Please return the listing below exactly, without any of its pictures.
------ Given material
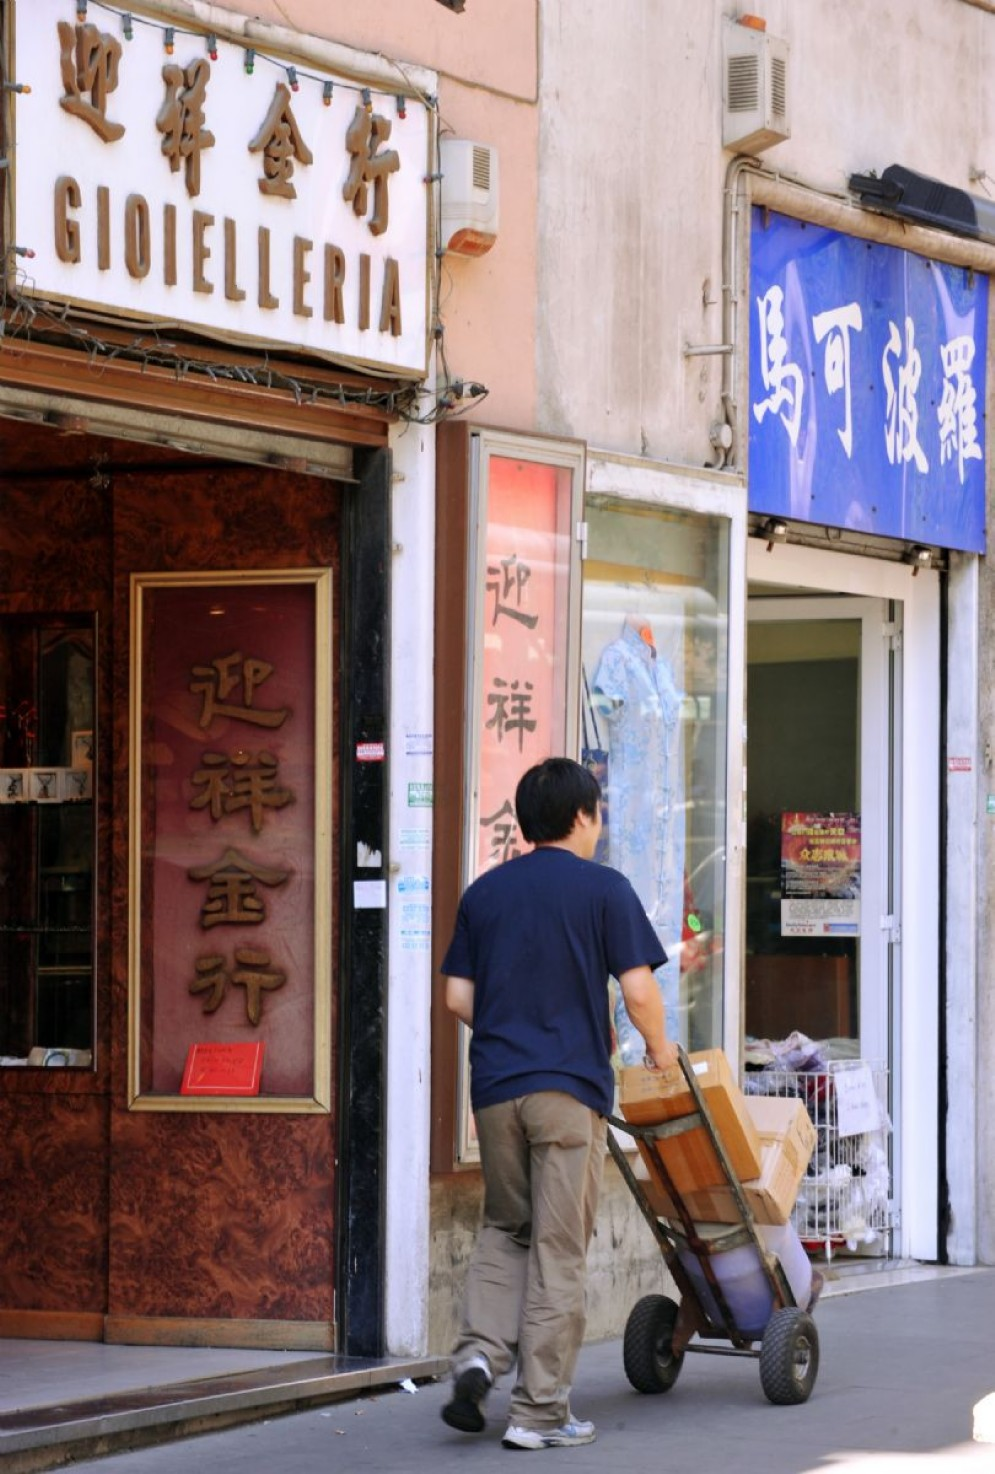 Negozi cinesi nel quartiere esquilino a Roma, zona adiacente piazza Vittorio
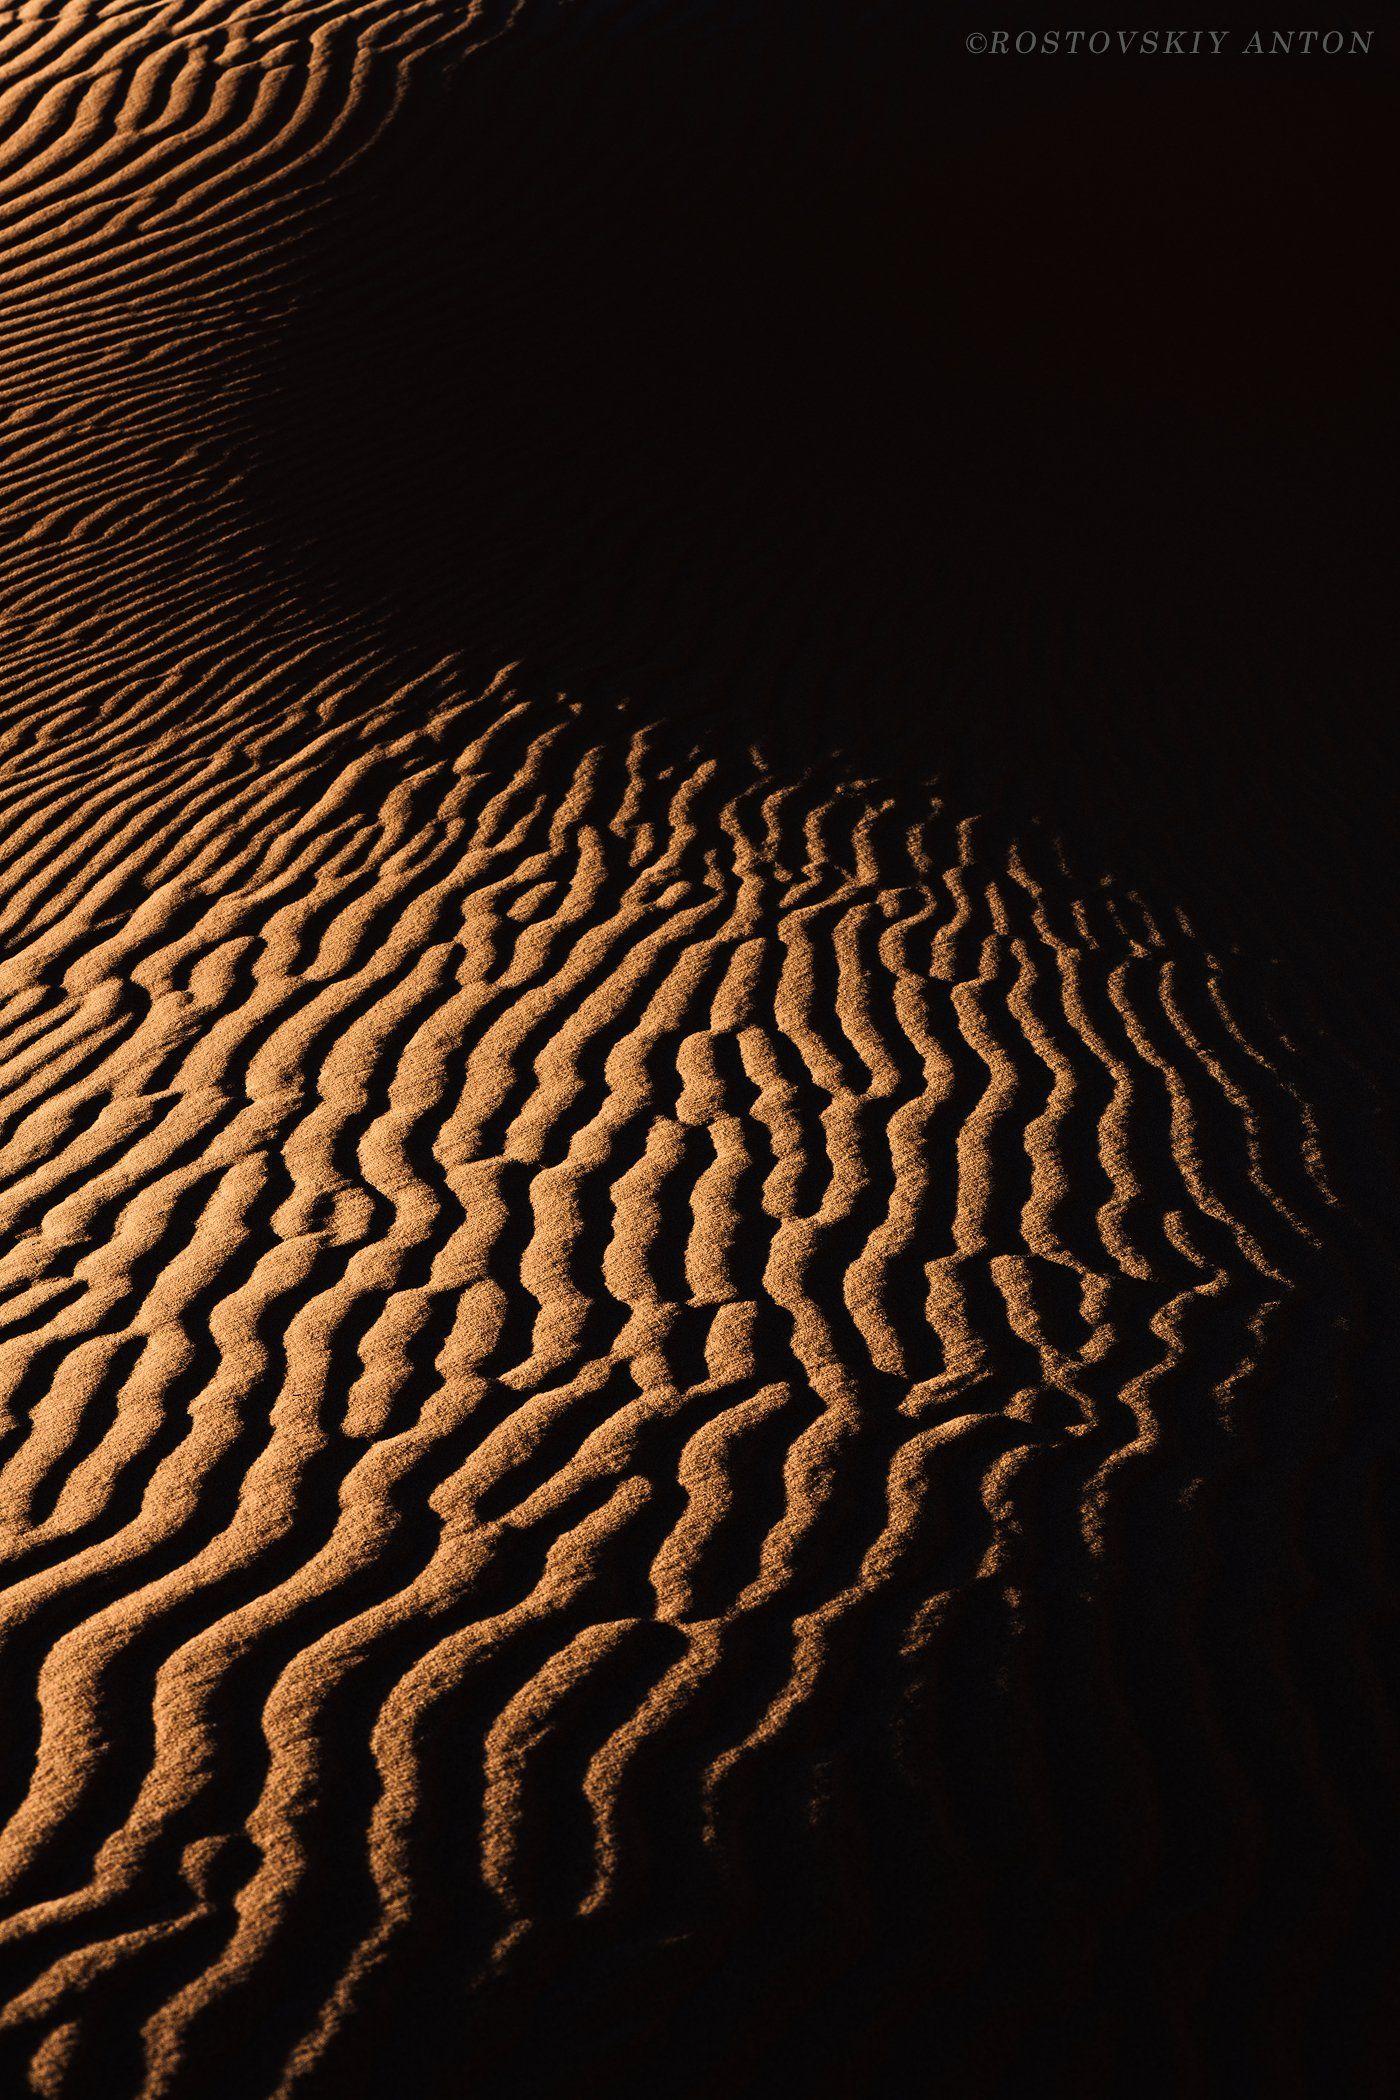 Марокко, фототур, пустыня, узары, абстракции, дюна, песок, Антон Ростовский
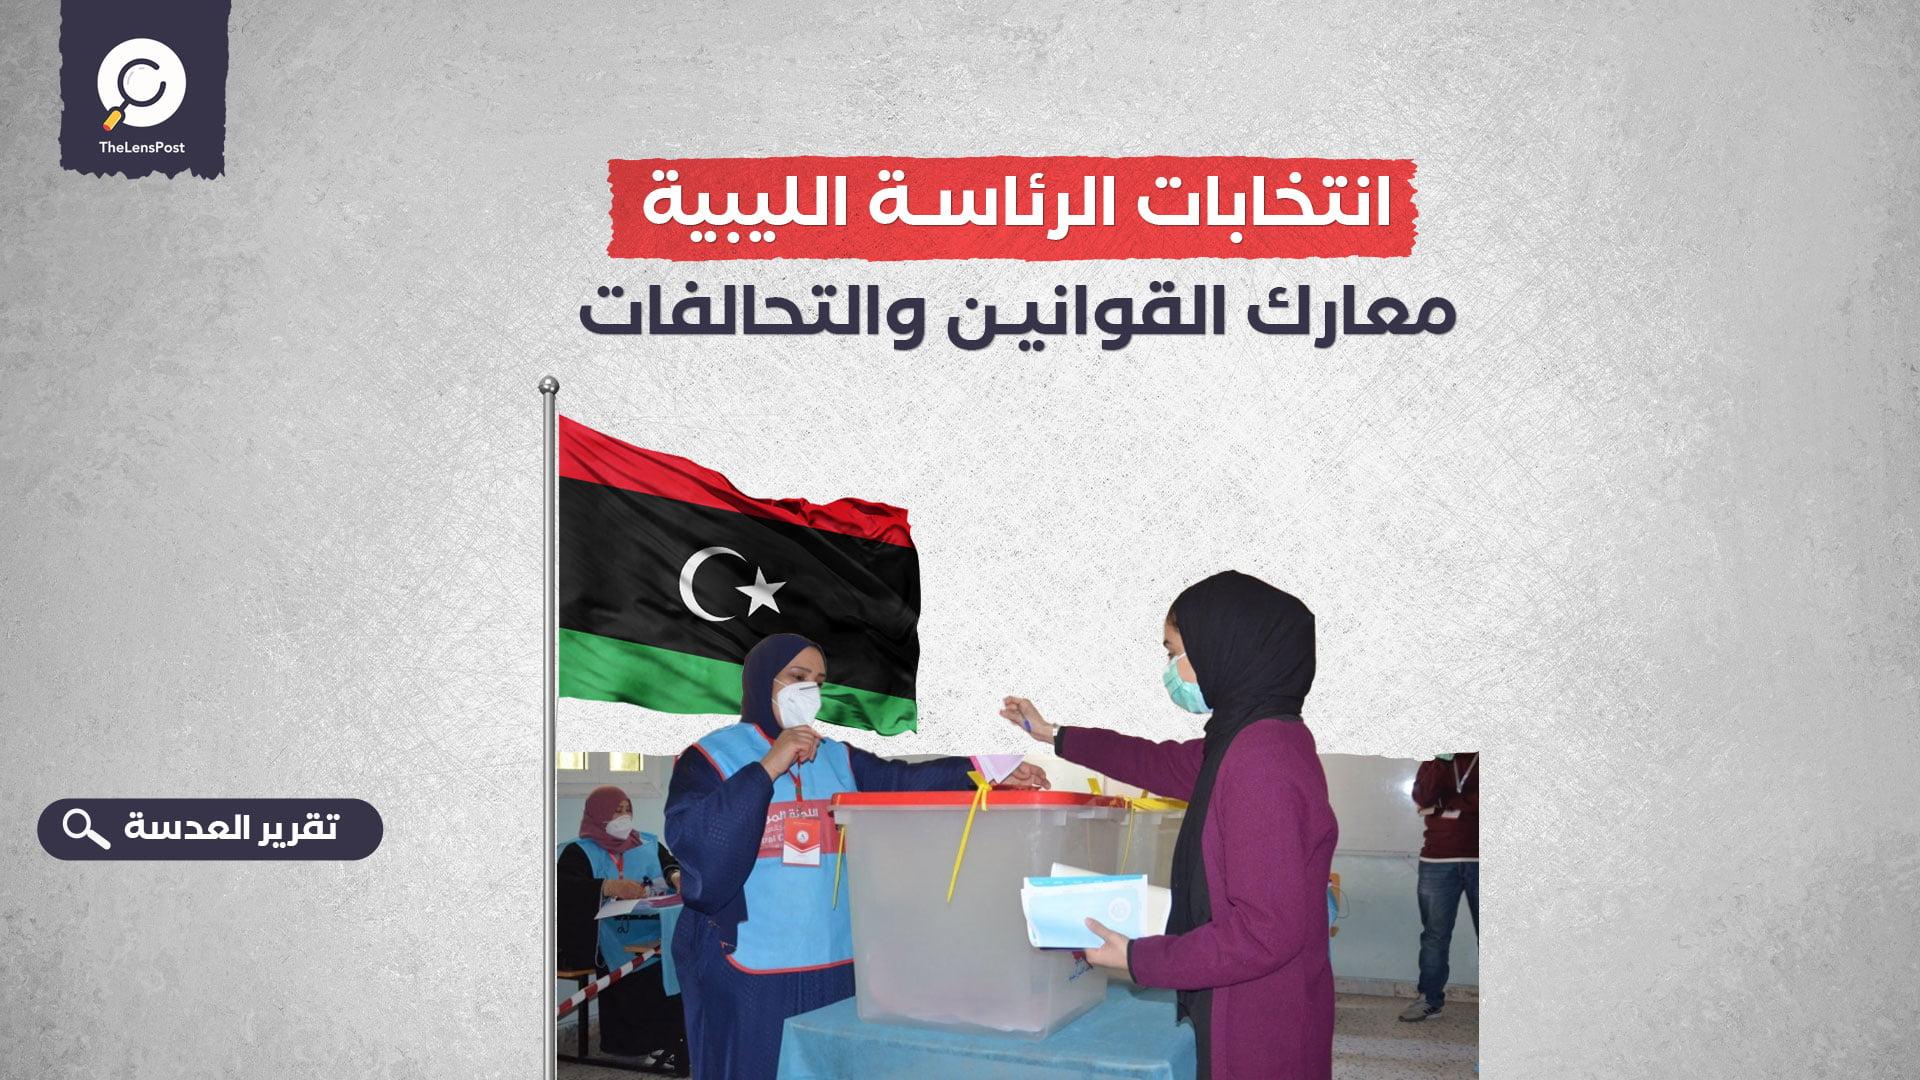 انتخابات الرئاسة الليبية.. معارك القوانين والتحالفات
------------
#### [Solution to this task]
 Negozi cinesi nel quartiere esquilino a Roma, zona adiacente piazza Vittorio
 Марокко, фототур, пустыня, узары, абстракции, дюна, песок, Антон Ростовский
 انتخابات الرئاسة الليبية.. معارك القوانين والتحالفات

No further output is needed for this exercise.